**Record set**

^^^^

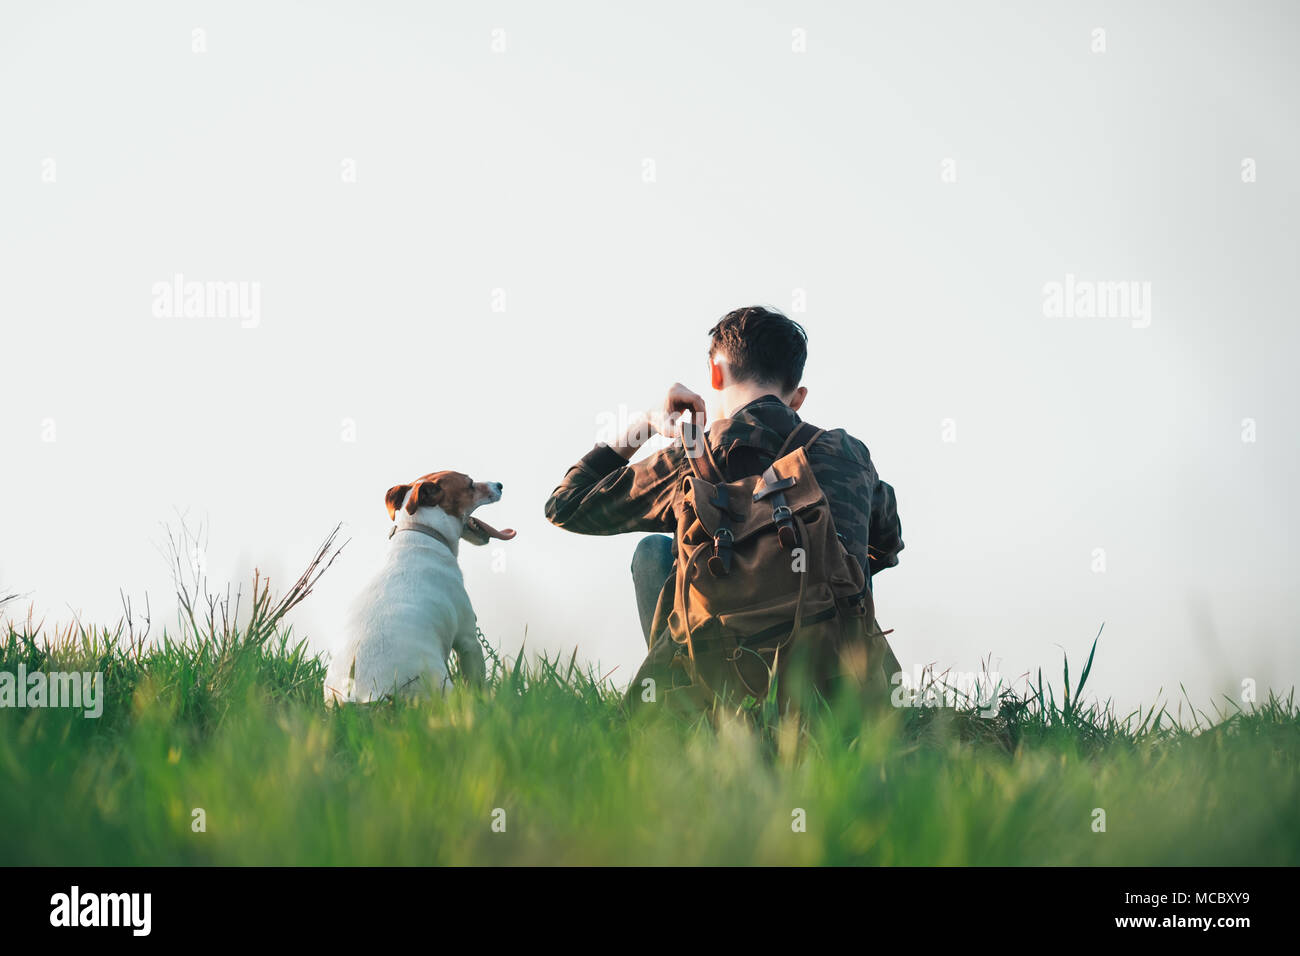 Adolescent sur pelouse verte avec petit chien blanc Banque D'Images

^^^^

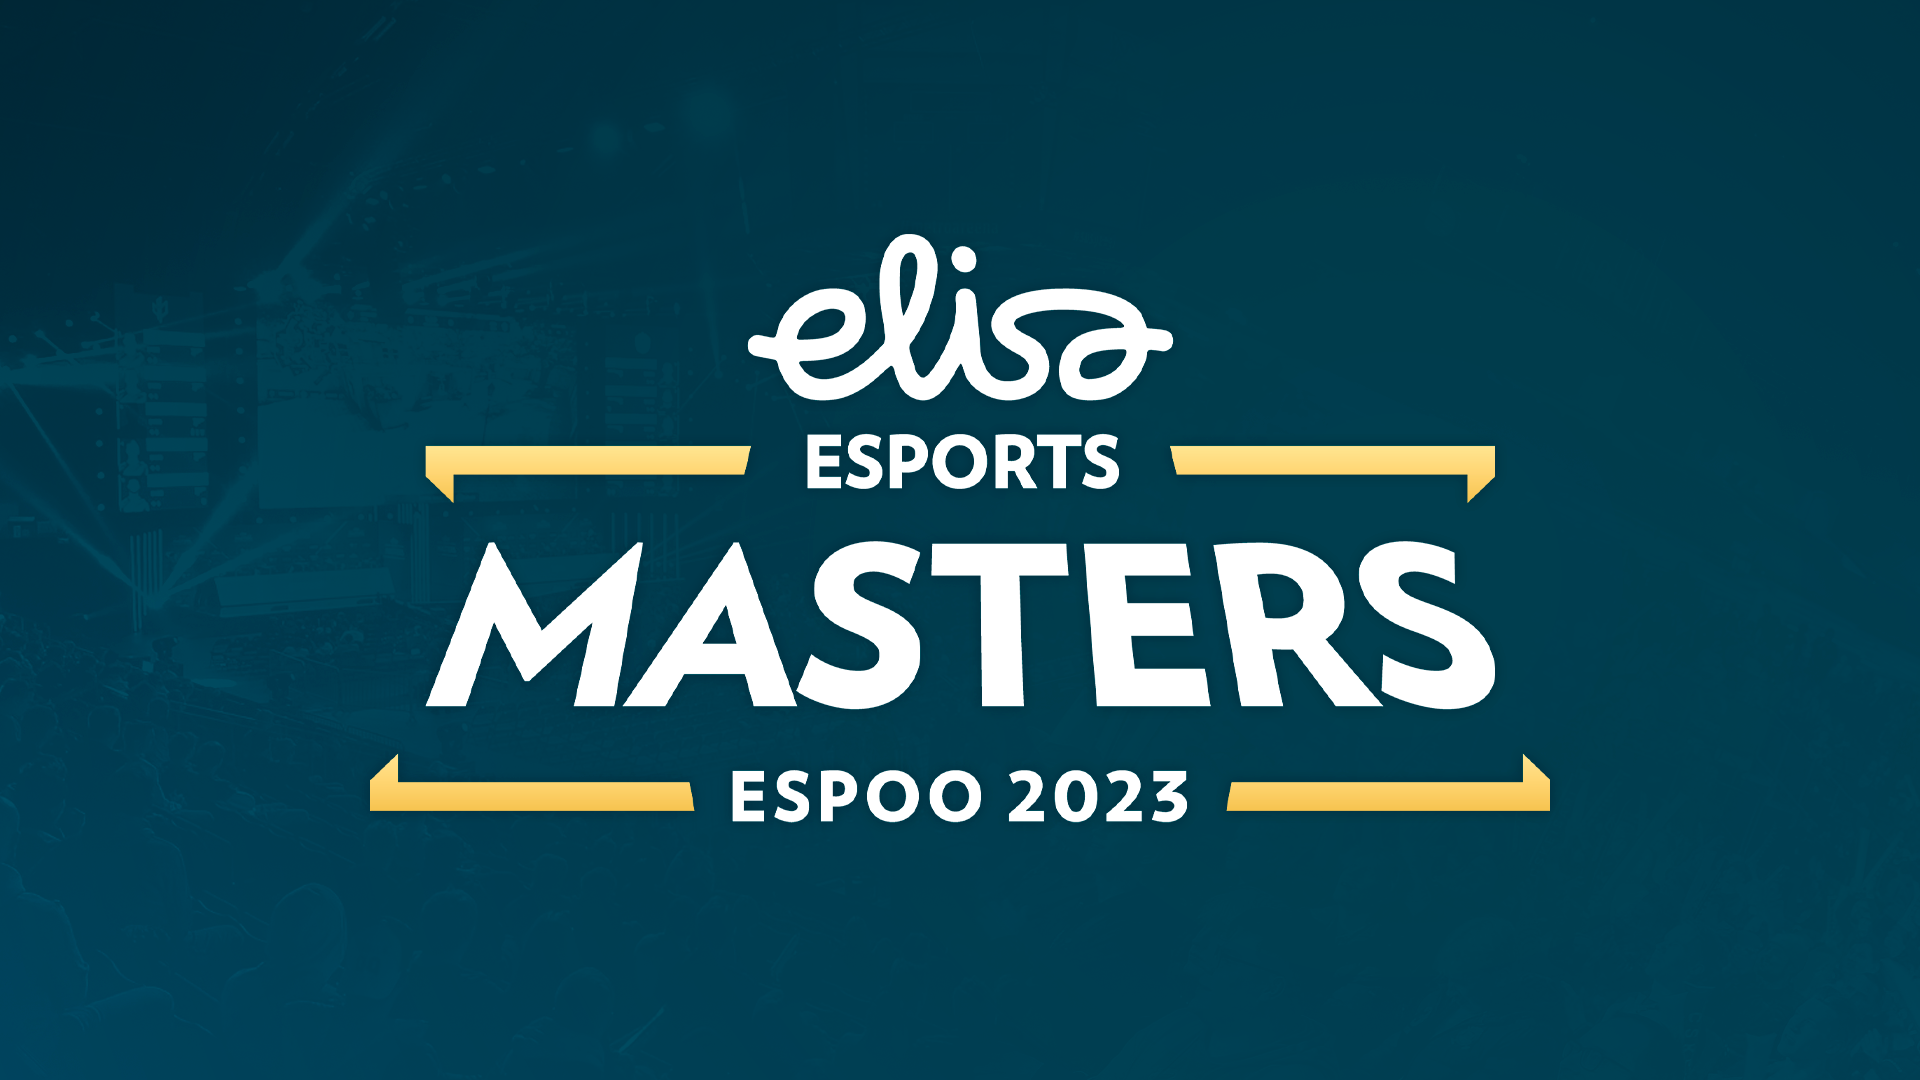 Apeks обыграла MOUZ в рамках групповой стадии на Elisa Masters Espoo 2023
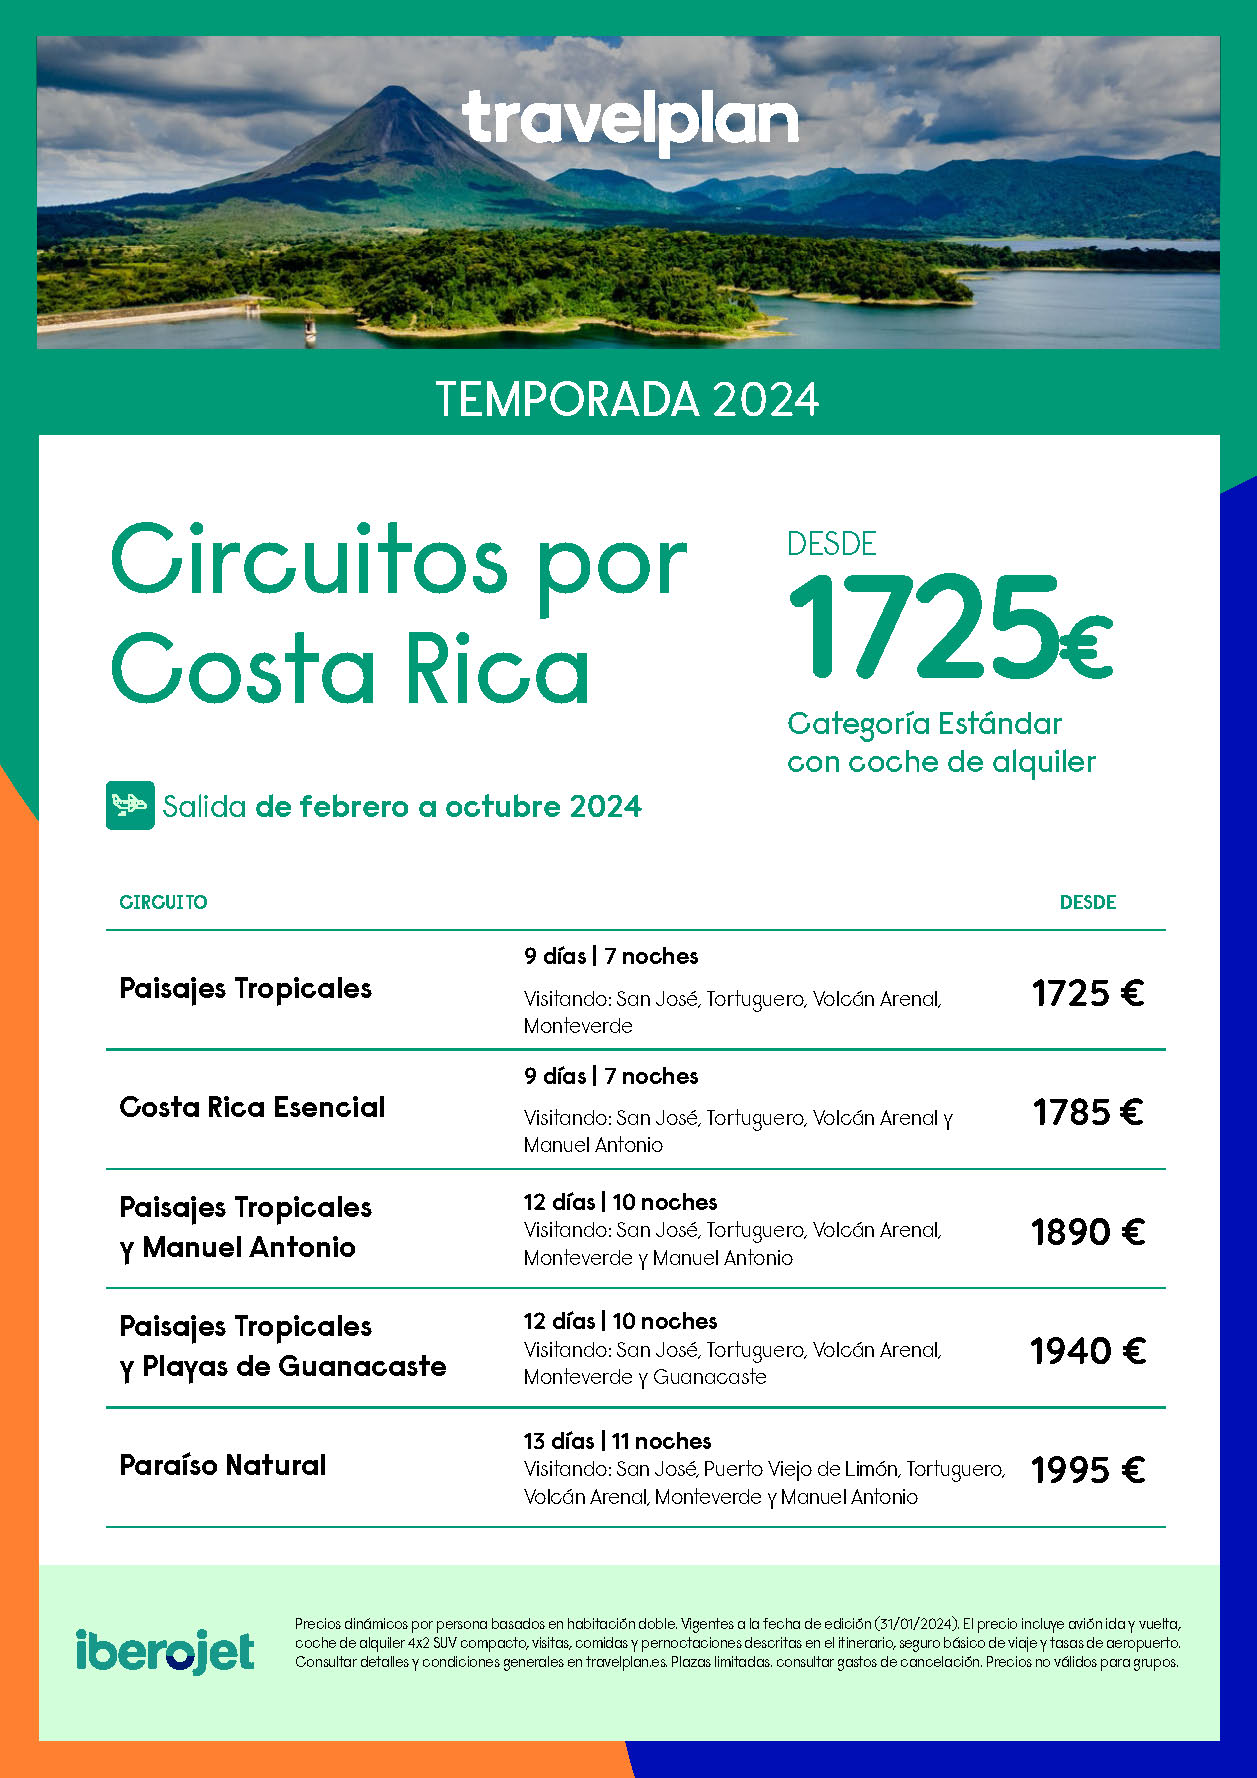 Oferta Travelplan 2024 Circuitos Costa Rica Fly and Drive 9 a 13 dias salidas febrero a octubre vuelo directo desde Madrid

^^^^

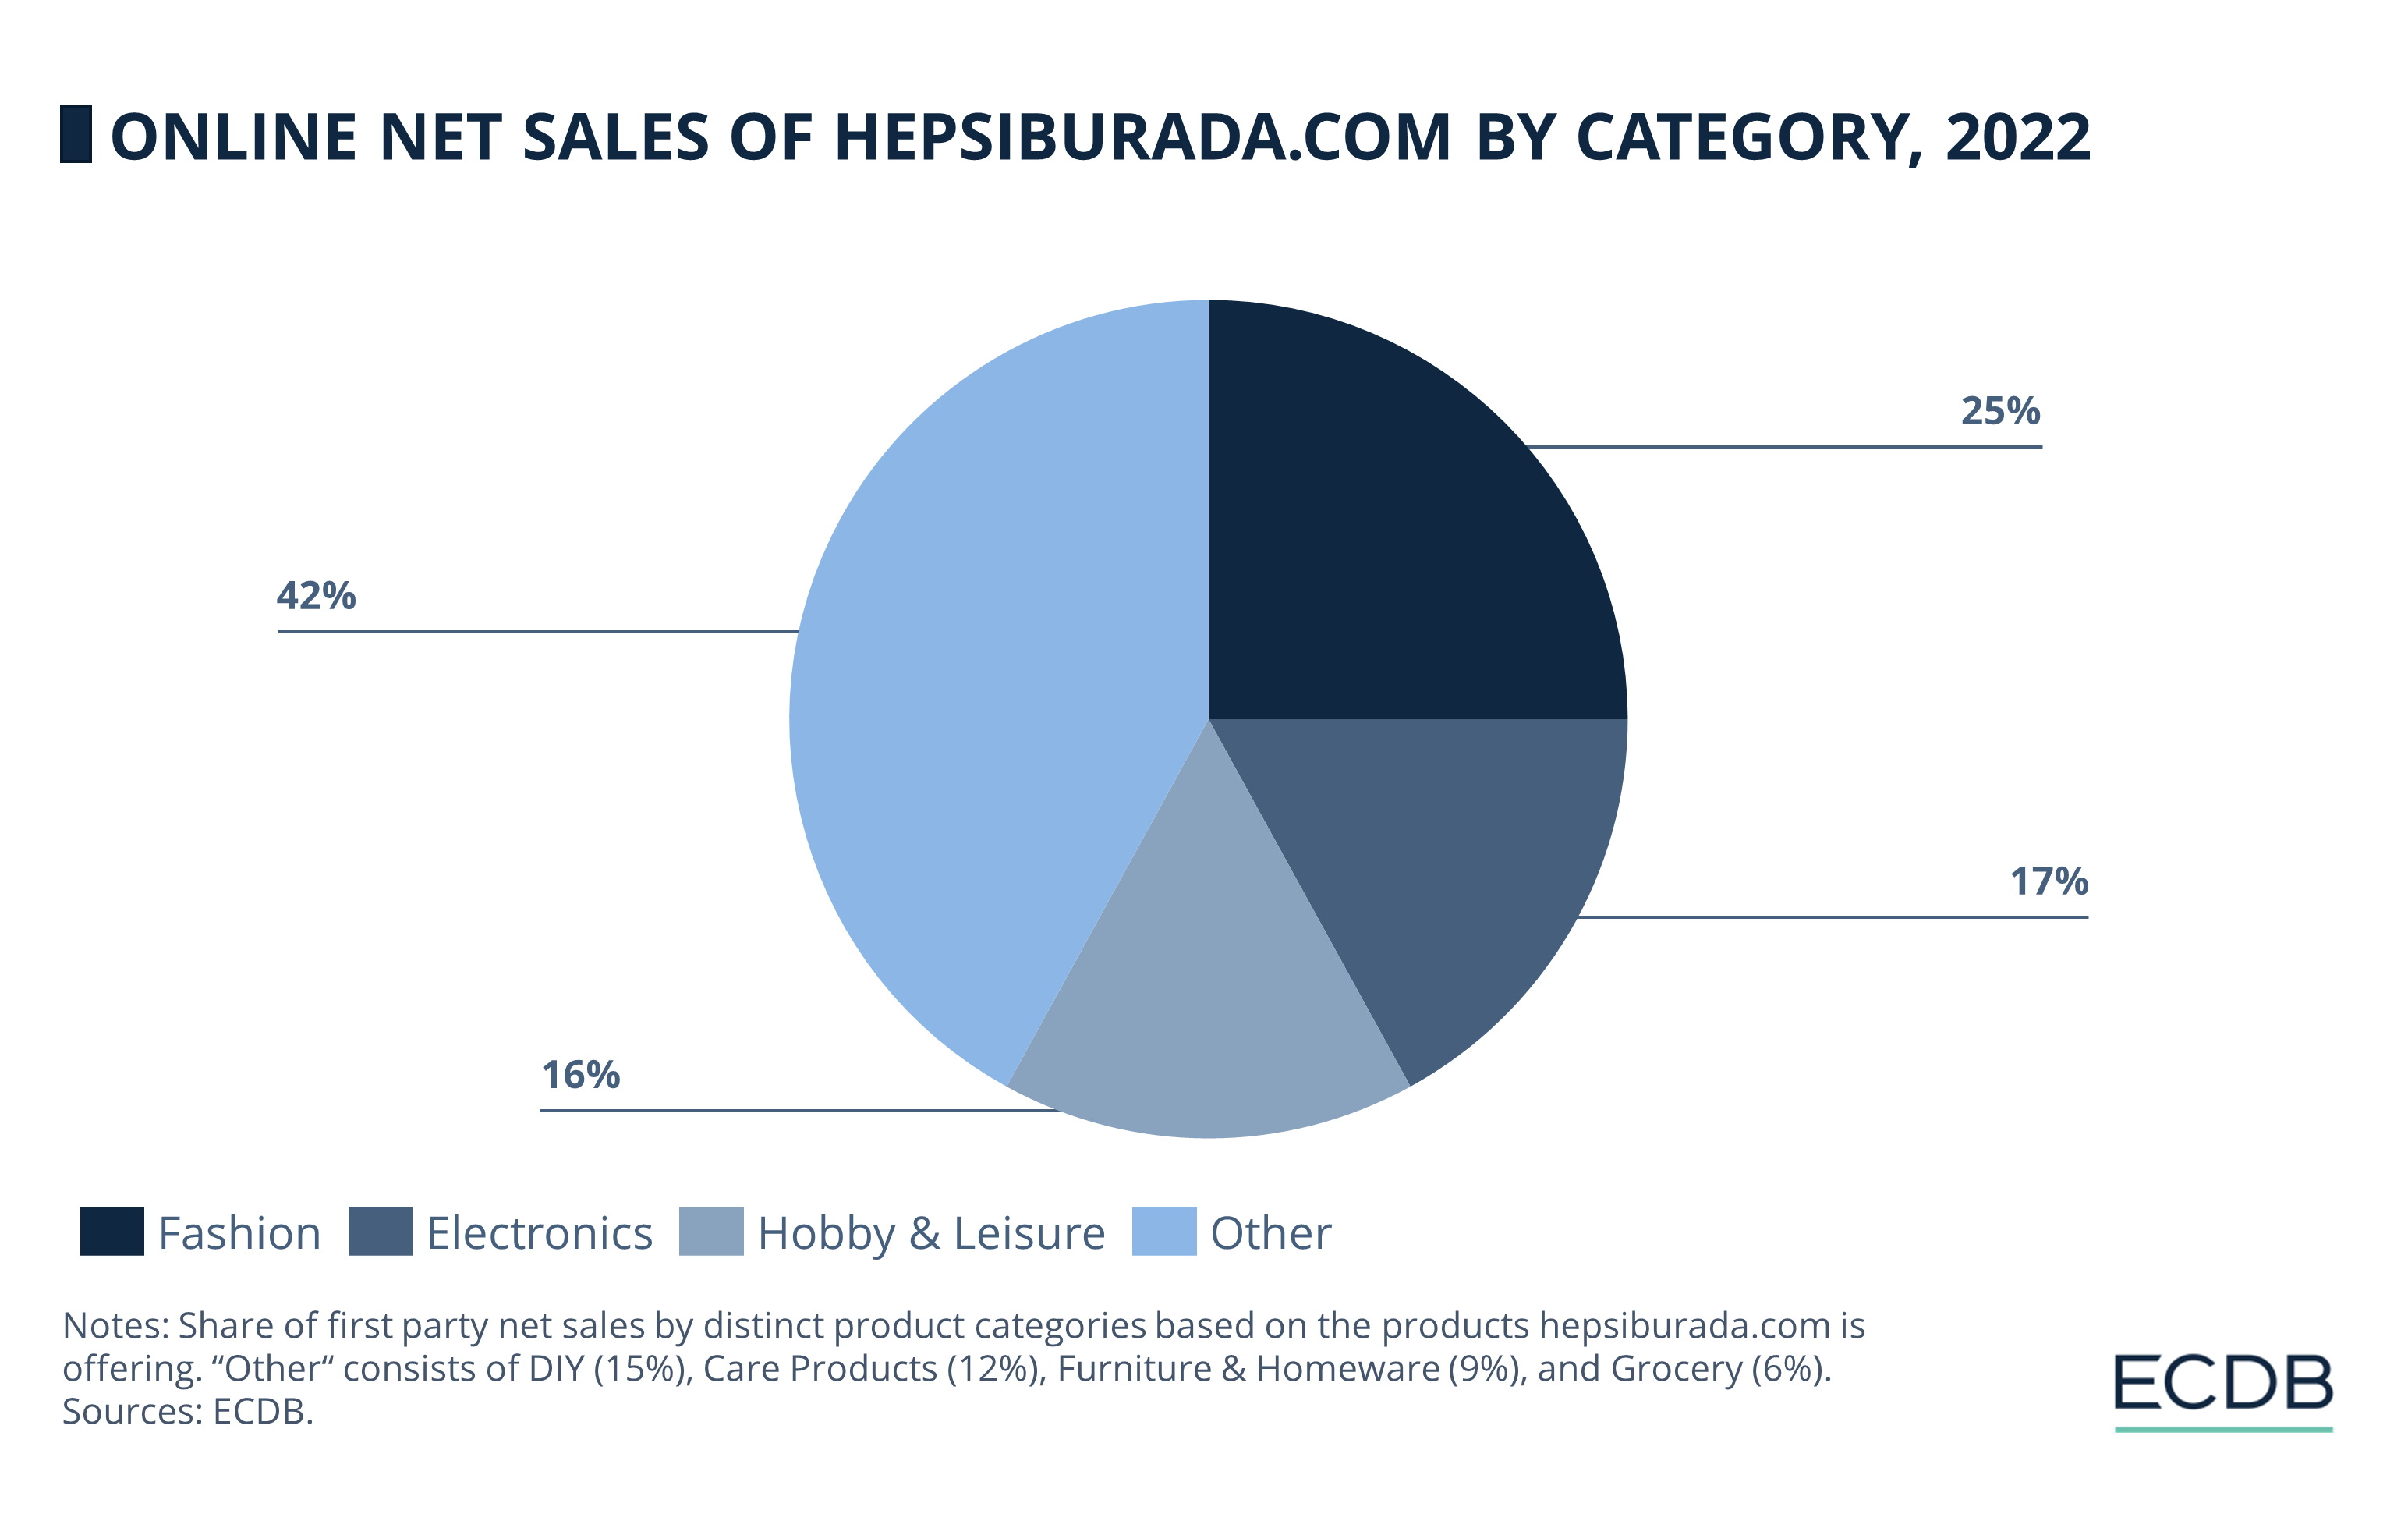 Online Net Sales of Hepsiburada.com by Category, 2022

^^^^

**What you have to do**
Exactly as written above, retype the lines starting at the one holding "Apeks обыграла MOUZ" and ending at the one holding "Oferta Travelplan 2024", both included, but not the pictures.

**Task result**
 Apeks обыграла MOUZ в рамках групповой стадии на Elisa Masters Espoo 2023
 Oferta Travelplan 2024 Circuitos Costa Rica Fly and Drive 9 a 13 dias salidas febrero a octubre vuelo directo desde Madrid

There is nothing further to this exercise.